Option B — Docker (alternative; requires NVIDIA Container Toolkit):
| Component | Version used |
|---|---|
| Base image | nvidia/cuda:12.6.3-runtime-ubuntu22.04 |
| Miniconda | Miniconda3-py311_24.11.1-0 |
| Python / packages | same as Option A (installed from environment.yml) |
| NVIDIA Container Toolkit | ≥ 1.14 (see install guide) |
A Dockerfile is provided at the repository root. It installs Miniconda and the pinned environment.yml
on top of the CUDA 12.6 base image. Runtime data directories (data/, experiments/,
analysis_results/) are bind-mounted at run time so artefacts survive container exit.
Overall human time: ~30 minutes (environment setup + launching benchmark commands).
Overall compute time: varies by benchmark; see the table in
Experiments. Full reproduction of all 10 benchmarks requires roughly 10–14 days
of sequential GPU compute on an RTX 4080. Reviewers are encouraged to start with purchase100_baseline (≤ ~16 h), then
rerun the core image benchmark (e.g. cifar10_baseline, ~33–34 h) for deeper verification.
Actual time sometimes decreased by early stopping.
Disk space:
- Code + environment: ~2 GB
- One benchmark run (e.g.
cifar10_baseline): ~10–15 GB - All 10 benchmarks: ~100–150 GB
The artifact is publicly available at:
https://github.com/najeebjebreel/lira_analysis
The link above points to the main branch.

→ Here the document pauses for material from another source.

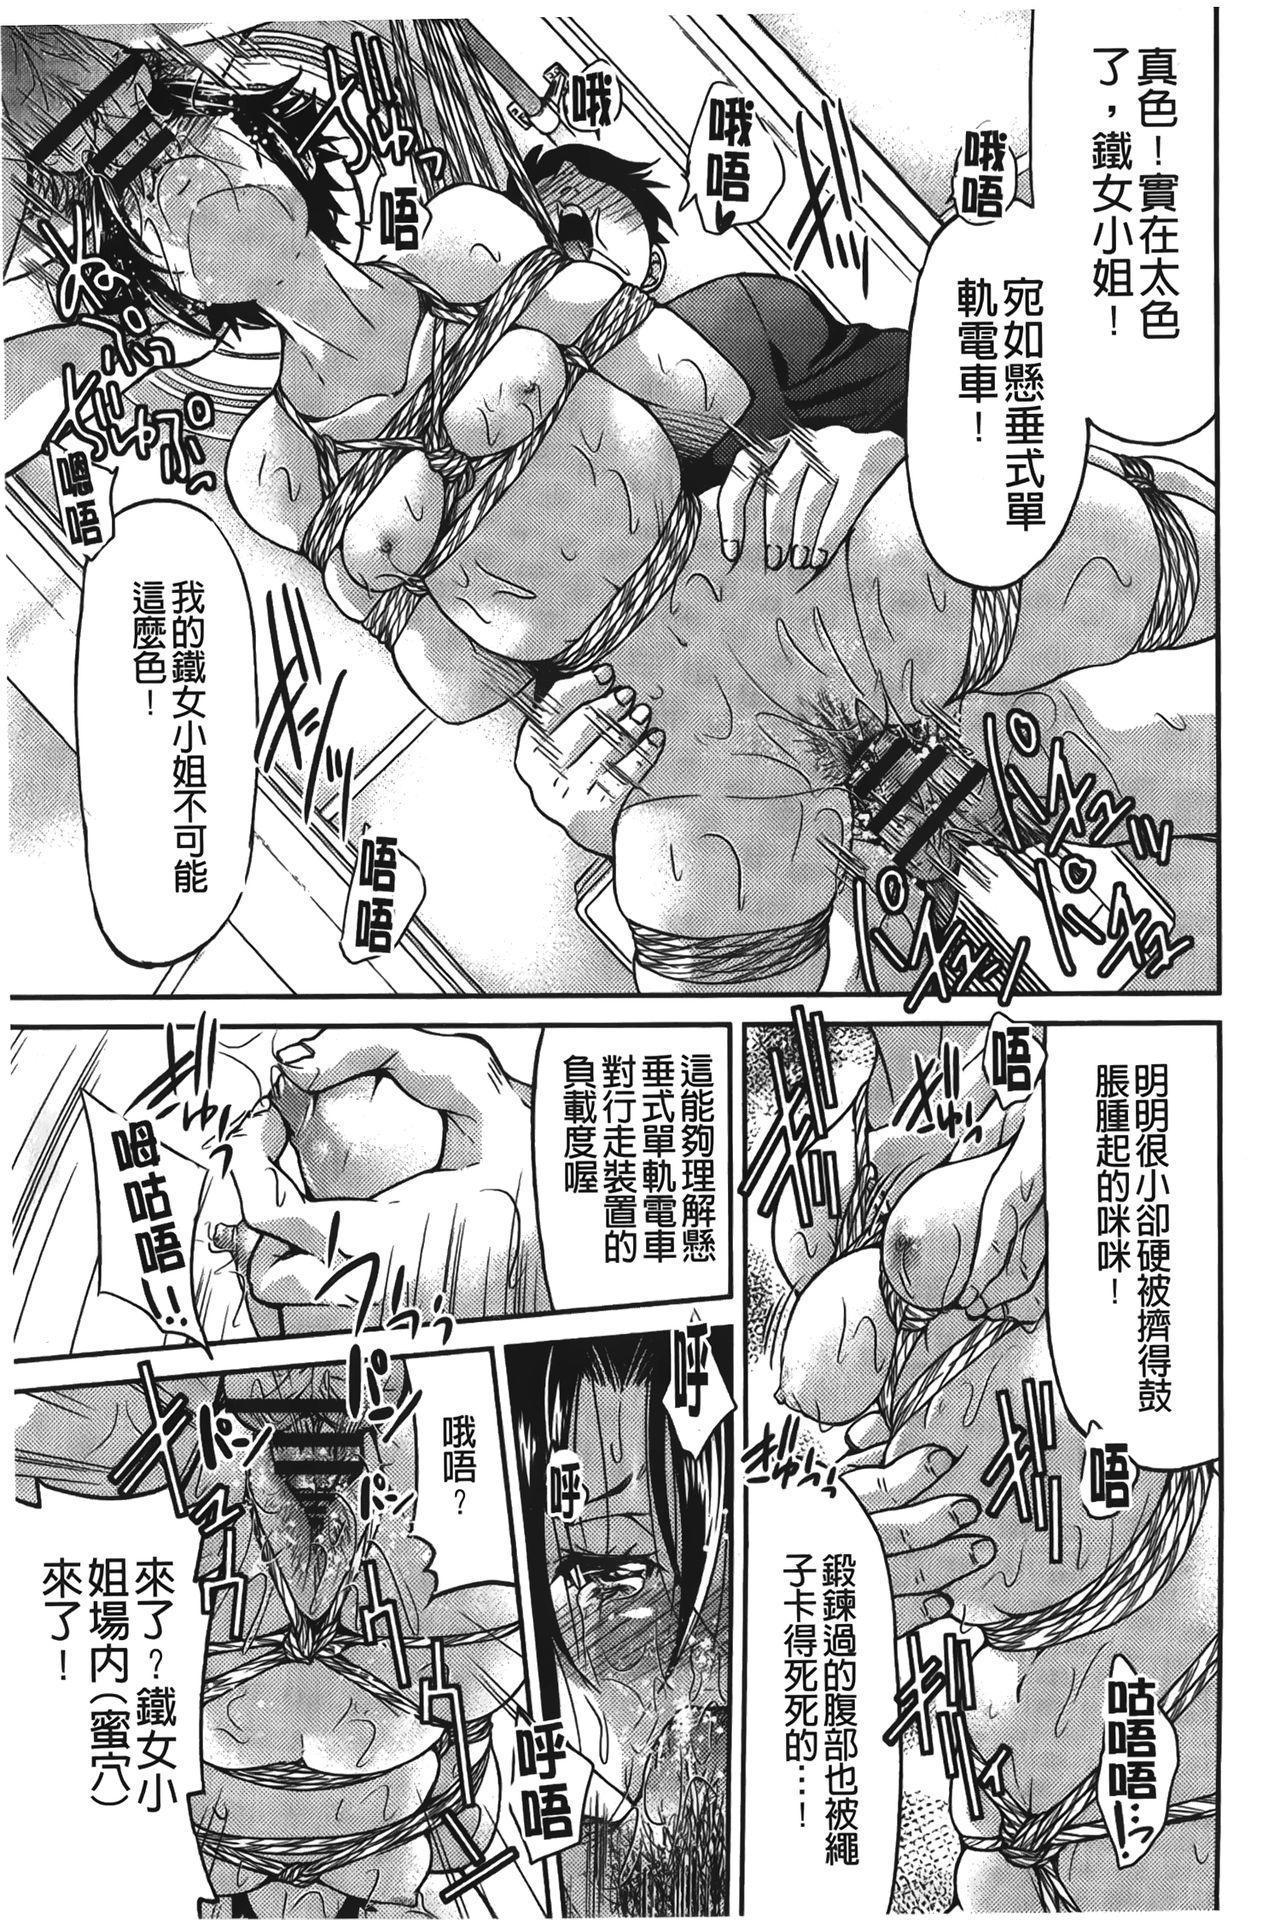 JYOSHI-TETSU 141

After the artifact evaluation is finalized, a stable
commit tag will be collected by the artifact chairs.
Option A — Conda (bare-metal Linux/WSL2):
# 1. Clone the repository
git clone https://github.com/najeebjebreel/lira_analysis.git
cd lira_analysis
# 2. Create the pinned Conda environment
conda env create -f environment.yml
conda activate lira-repro
# 3. Stage the Purchase-100 dataset (image datasets download automatically)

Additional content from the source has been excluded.